About this exercise >> Each line of the data below should be restated exactly, with images left out.

Source data >>
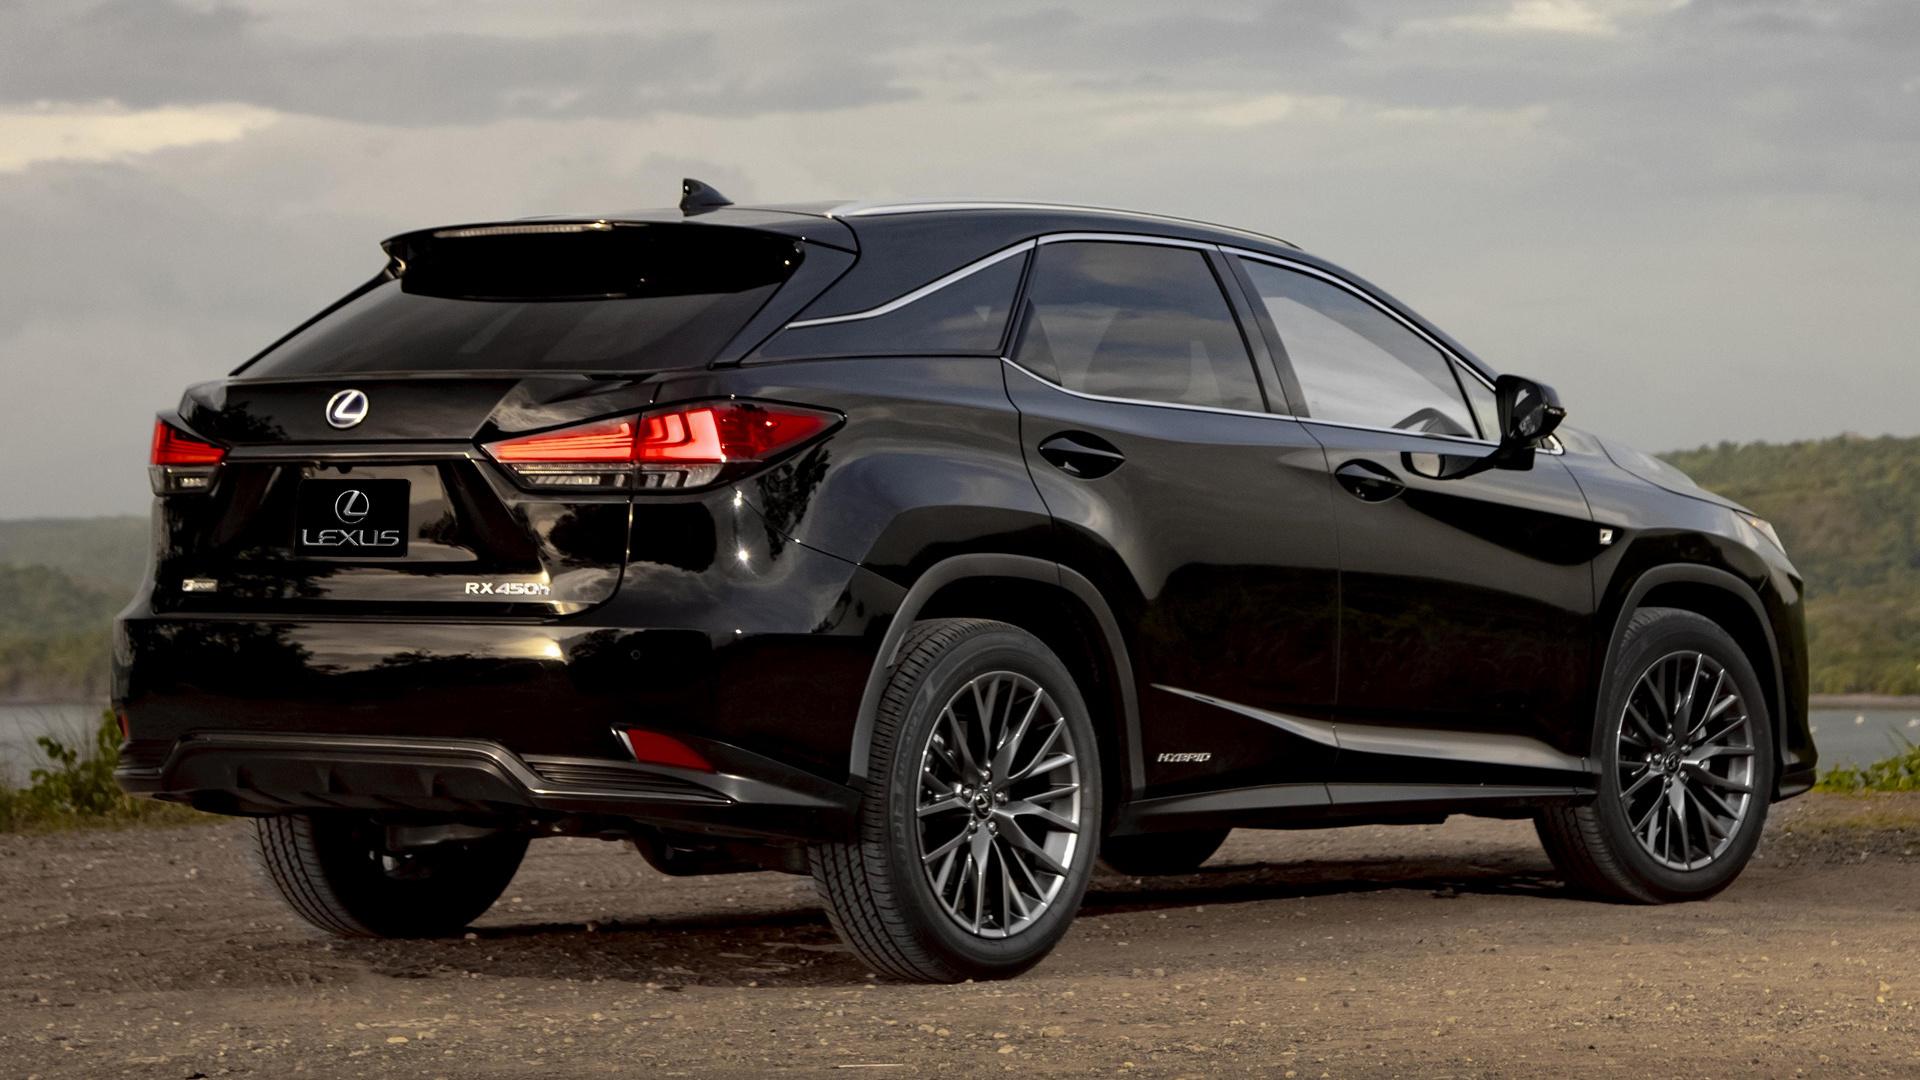 2020 Lexus RX 450h Picture
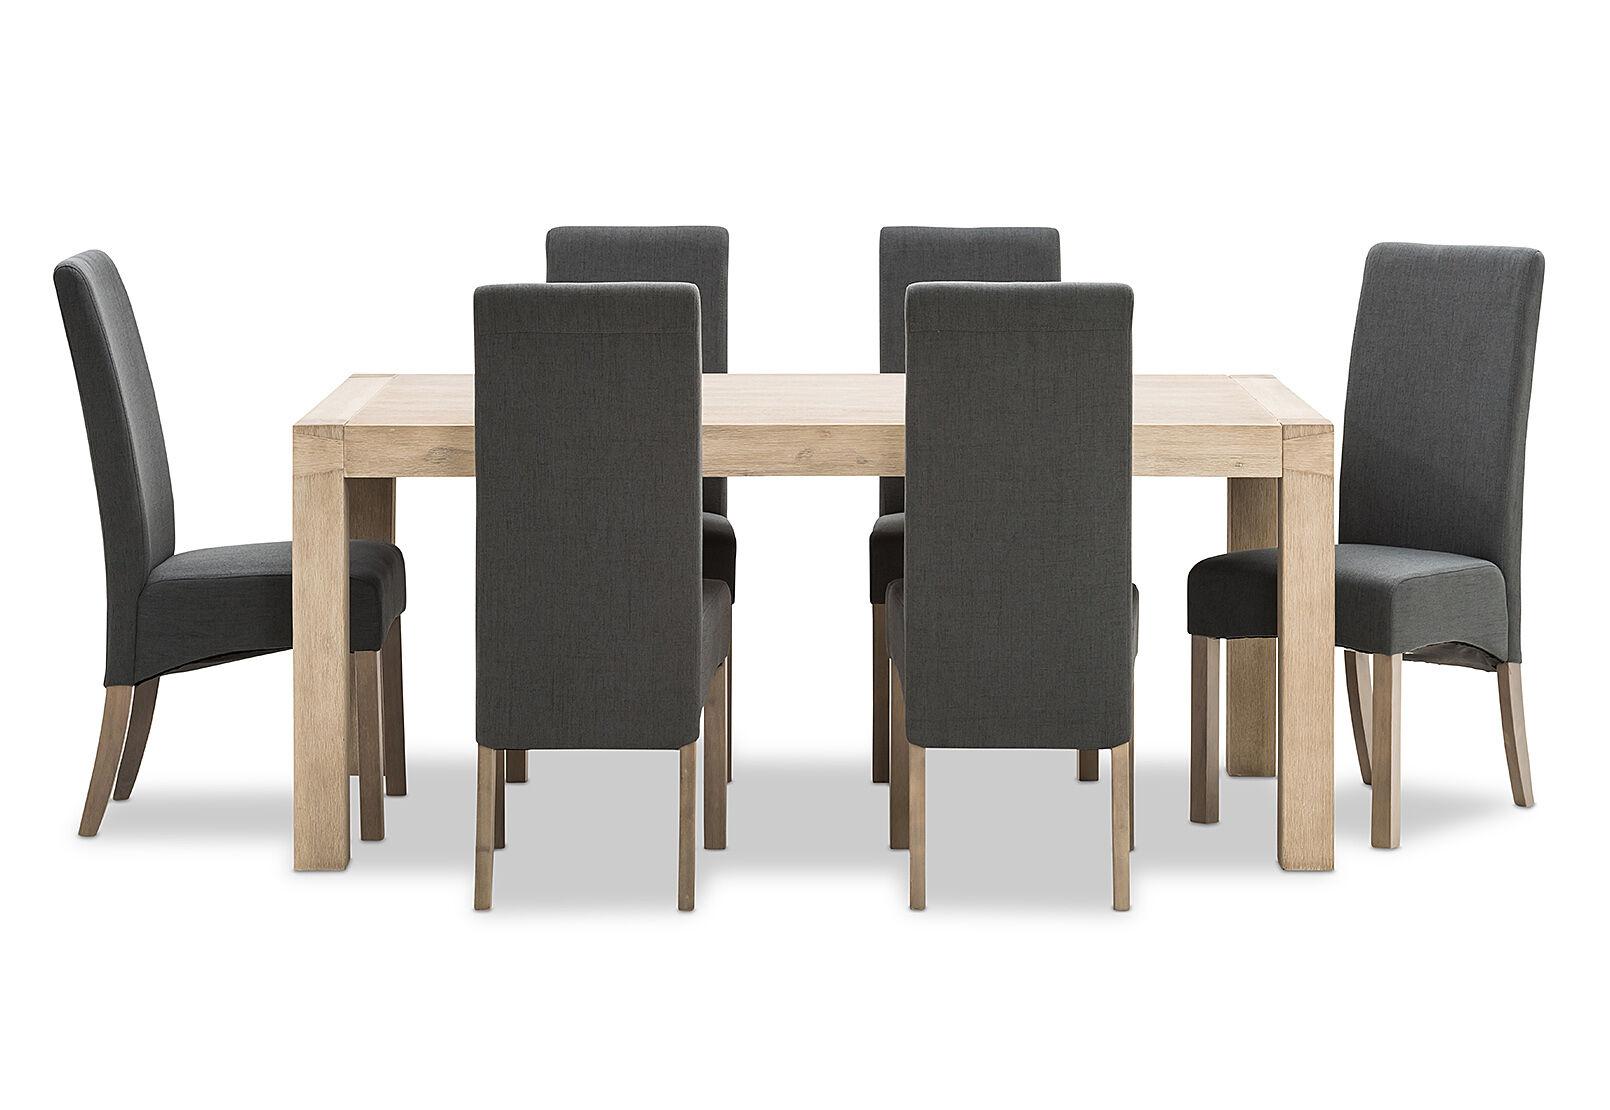 7 Piece Dining Suite Swindon 7 Piece Dining Suite Amart Furniture
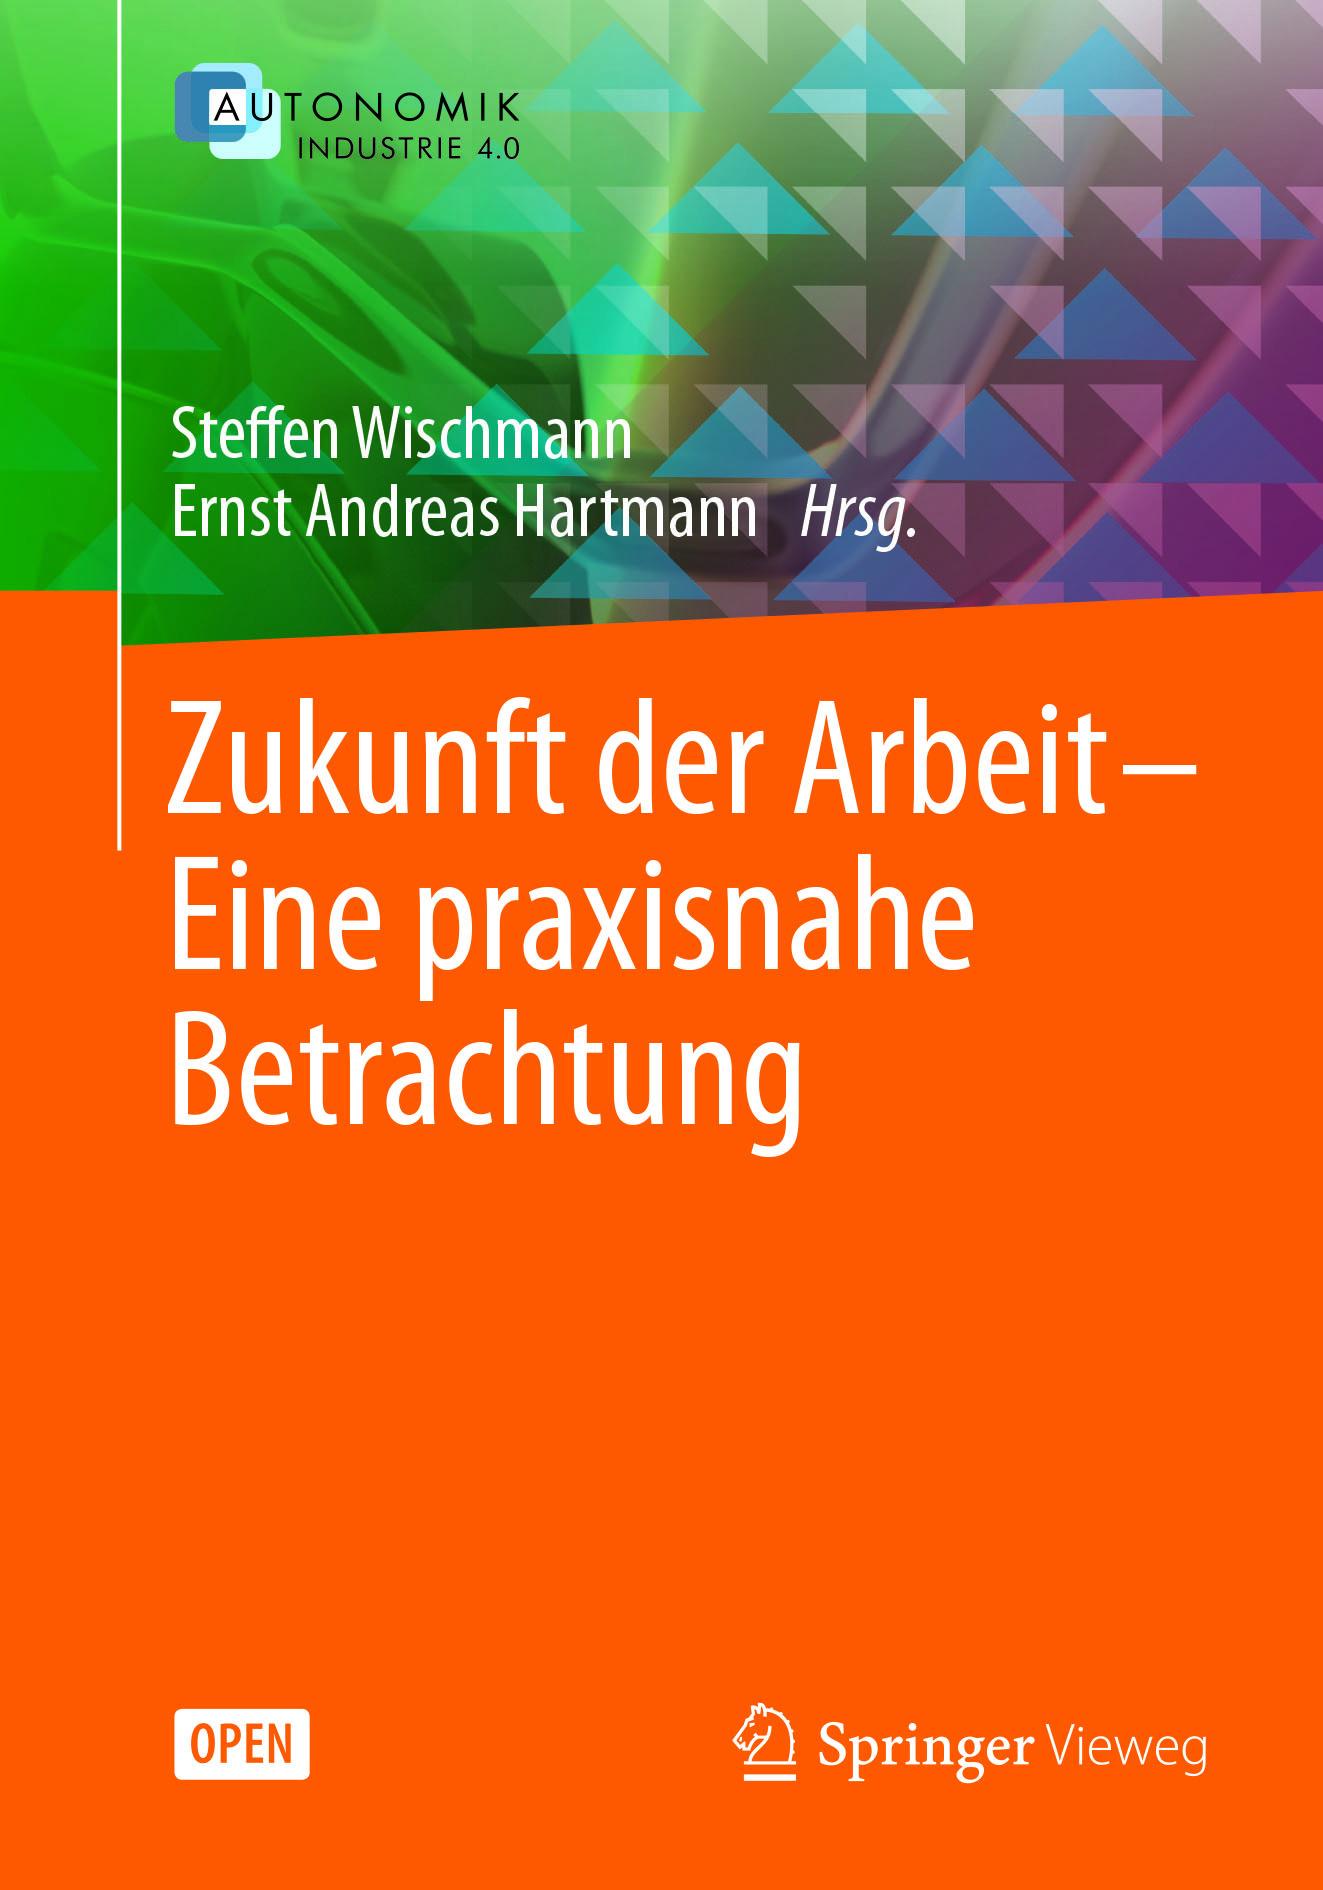 Hartmann, Ernst Andreas - Zukunft der Arbeit – Eine praxisnahe Betrachtung, ebook

Result for this exercise >>
 2020 Lexus RX 450h Picture
 7 Piece Dining Suite Swindon 7 Piece Dining Suite Amart Furniture
 Hartmann, Ernst Andreas - Zukunft der Arbeit – Eine praxisnahe Betrachtung, ebook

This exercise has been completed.